Un file è un contenitore logico contenente delle informazioni. Solo il creatore del file è a conoscenza del suo contenuto ed il formato utilizzato.

Sul disco un file è tipicamente spezzettato in blocchi che corrispondono ai blocchi degli hard disk. In un SSD viene emulata una disposizione dei file simile agli HD, per uniformità. I vari blocchi sono solitamente di 512 bytes.
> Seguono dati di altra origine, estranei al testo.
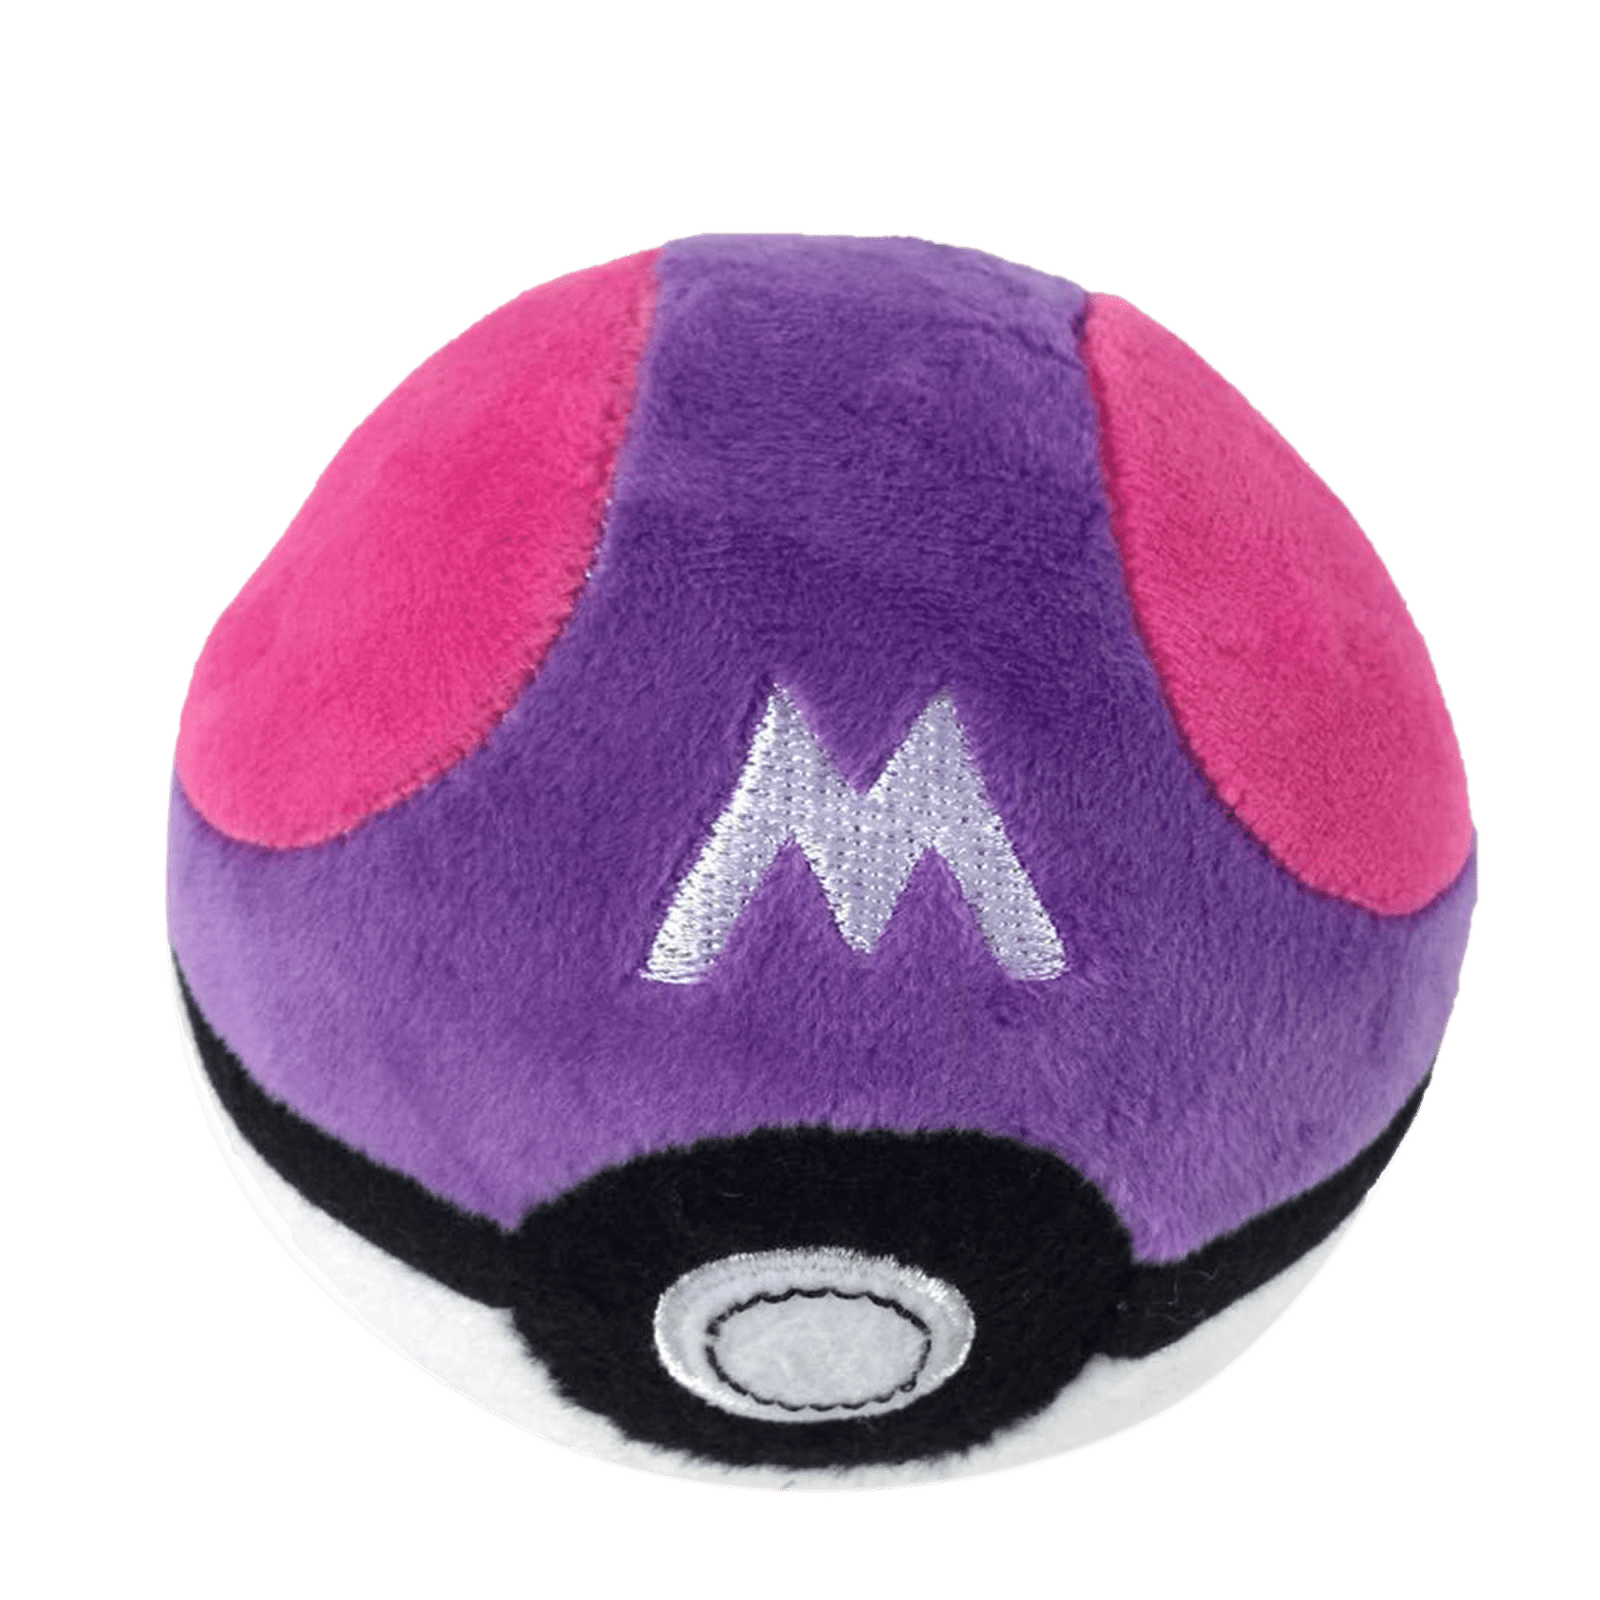 SeekFunning Pokemon 5" Pikachu Pokeball Poke Ball Plush Toy, Master ball

A bassissimo livello il SO fa utilizzo dei Device Drivers che gestiscono l'interfaccia del disco.

File System a strati

  1. Programmi applicativi

  2. File system logico

  3. Modulo di organizzazione dei file

  4. File System base

  5. Controllo I/O

  6. dispositivi

6 è il livello più a basso livello

Device Drivers

I drivers a bassissimo livello sono in grado di dare e ricevere comandi del tipo "prendi questo blocco", che storicamente veniva indicato con 3 coordinate: CHS (cylinder head sector);

Attualmente si utilizza una tecnica di accesso a blocchi del tipo LBA: Questo perchè da alcuni anni, con la crescita del consumo dei dischi, questi vengono visti come un unico array di blocchi con un indirizzo logico; piuttosto che dire "prendi un blocco presente su questo cilindro, utilizzando questa testina, e poi quel particolare settore" (quindi tre coordinate), viene detto semplicemente "prendi il blocco n";

dopo questo comando è direttamente il controllo del disco che converte il comando in azioni da compiere (e quindi le coordinate).

Cosa trovo su un disco?

  • Boot control block: software che viene lanciato per effettuare il boot, qualora il disco in questione è quello scelto per il boot.

Cosa succede quando apro un file

Quando apro un file vengono create delle strutture per processo per sistema, che mi permettono di accedere a quel file; gestiscono sopratutto il puntatore all'interno del file.

Se più processi, che non hanno nulla a che vedere tra loro, tentano di aprire lo stesso file, possono farlo, ma deve esserci un puntatore separato per ognuno dei processi che lo sta aprendo.

Processi che sono in relazione di parentela padre-figlio, devono invece avere lo stesso puntatore; in sistemi UNIX, in pratica la cosa funziona nel seguente modo:

C'è una tabella "open-file table" dove vengono specificati i file aperti per processo. Questa tabella punta ad una tabella di sistema dei file aperti. Il puntatore al file è nella tabella di sistema, se ci sono processi che aprono lo stesso file (per conto proprio) hanno due entry nella tabella di sistema, e quindi hanno puntatori separati.

Se invece c'è una relazione di parentela padre-figlio, il figlio eredita la stessa tabella del padre (tabella per-process) e quindi utilizza lo stesso puntatore del padre, che è lo stesso puntatore al file.

Implementazione di una directory

  • Lista lineare: Scelta poco intelligente

  • Tabella hash, ovvero la soluzione adottata ai giorni d'oggi per maggiore efficienza, siccome le liste potrebbero diventare particolarmente enormi.

Il FS potrebbe essere tenuto ordinato mediante delle particolari strutture dati.

Metodi di allocazione - cosa accade sul disco

Nel disco ho milioni di blocchi, alcuni liberi altri occupati. Per creare un file, quali blocchi utilizzo?

Sicuramente dovrò utilizzare dei blocchi liberi, altrimenti potrei cancellare files di altri processi o utenti.

La soluzione a cui si potrebbe pensare è la seguente: mi scelgo un bel pezzo continuo di blocchi liberi, e vado a salvare al suo interno il mio file. SBAGLIATO! questa tecnica non funziona per il semplice fatto che i files funzionano ad accrescimento; il file, al momento della creazione, è vuoto. Quando inizio a scrivere al suo interno le sue dimensioni aumentano sempre di più, quindi se non prendo delle opportune misure, questo tipo di allocazione contigua crea i soliti problemi della gestione dinamica della memoria.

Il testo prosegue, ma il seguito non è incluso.